Baratas ciborgues são treinadas para socorrer vítimas de desastres | G1
Batizados de "paraborgs", os insetos foram criados por pesquisadores da Universidade de Queensland e da Universidade de Nova Gales do Sul. Elas carregam mochilas com dispositivos de injeção em miniatura e câmeras, e a ideia é que possam prestar assistência médica básica a vítimas de terremotos e desabamentos antes da chegada das equipes de resgate.
Barata ciborgue equipada para resgate — Foto: UNIVERSITY OF QUEENSLAND
Como funciona o corpo ciborgue
A base do projeto é a barata-gigante-escavadora do norte de Queensland, considerada a espécie de barata mais pesada do mundo. É nela que os pesquisadores instalam as mochilas com os cilindros de seringa e as câmeras que vão monitorar o ambiente.
Para transformar o inseto em um "ciborgue" controlável, a equipe implanta um eletrodo em seu sistema nervoso.
"Uma vez implantado o eletrodo no inseto, podemos aplicar um pequeno sinal elétrico para ativar ou estimular o sistema nervoso, de modo que ele possa responder ao nosso comando, explicaThang Vo-Doan, engenheiro de biorrobótica da Universidade de Queensland.
Na prática, esse sinal elétrico permite que os pesquisadores guiem os movimentos da barata à distância, direcionando-a para pontos específicos de um ambiente destruído.

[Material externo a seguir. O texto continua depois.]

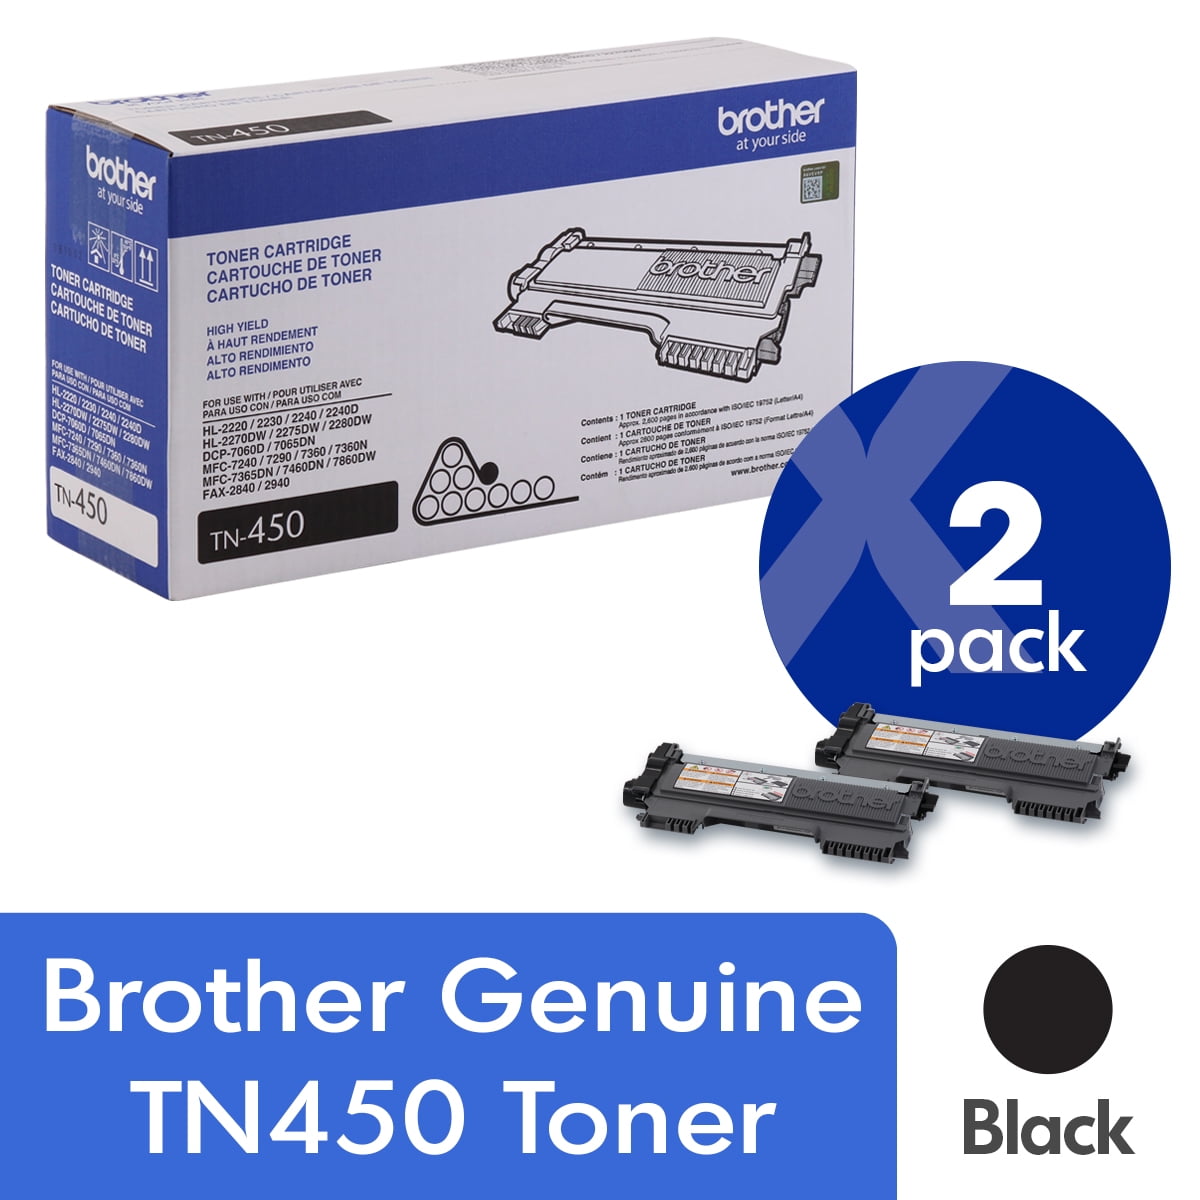 Brother Genuine Standard Yield Toner Cartridge, TN221C

Por que baratas e não robôs
A escolha por insetos reais, e não por robôs, tem uma explicação direta: nenhuma máquina desenvolvida até agora conseguiu reproduzir a combinação de agilidade, resistência e baixo consumo de energia das baratas.
Vo-Doan destaca que a estrutura natural do inseto é o que o torna útil em cenários de desastre.
"Eles conseguem andar e correr em terrenos complexos, escalar paredes ou ficar de cabeça para baixo. Isso é extremamente útil em cenários de busca e resgate em ambientes não estruturados. Por isso, acredito que, devido à sua estrutura e capacidade naturais, eles seriam adequados para certos cenários de resgate, e também por causa de sua flexibilidade, agilidade e alta adaptabilidade", explicas Von-Doan.
Essa mobilidade é justamente o que falta às máquinas em espaços estreitos, cheios de escombros e com obstáculos irregulares, situação típica após o colapso de uma estrutura.
O estudo que descreve o projeto aponta que ainda são necessários mais testes antes que os paraborgs possam ser usados em operações reais. Entre os pontos que a equipe lista como desafios estão a locomoção em terrenos complexos, a perda de sinal de comunicação dentro de estruturas colapsadas e a segurança do próprio mecanismo de injeção, que precisa funcionar de forma confiável sem ferir a vítima.
Esses obstáculos técnicos ainda separam a tecnologia do momento em que ela poderia, de fato, ser incorporada a operações de busca e resgate.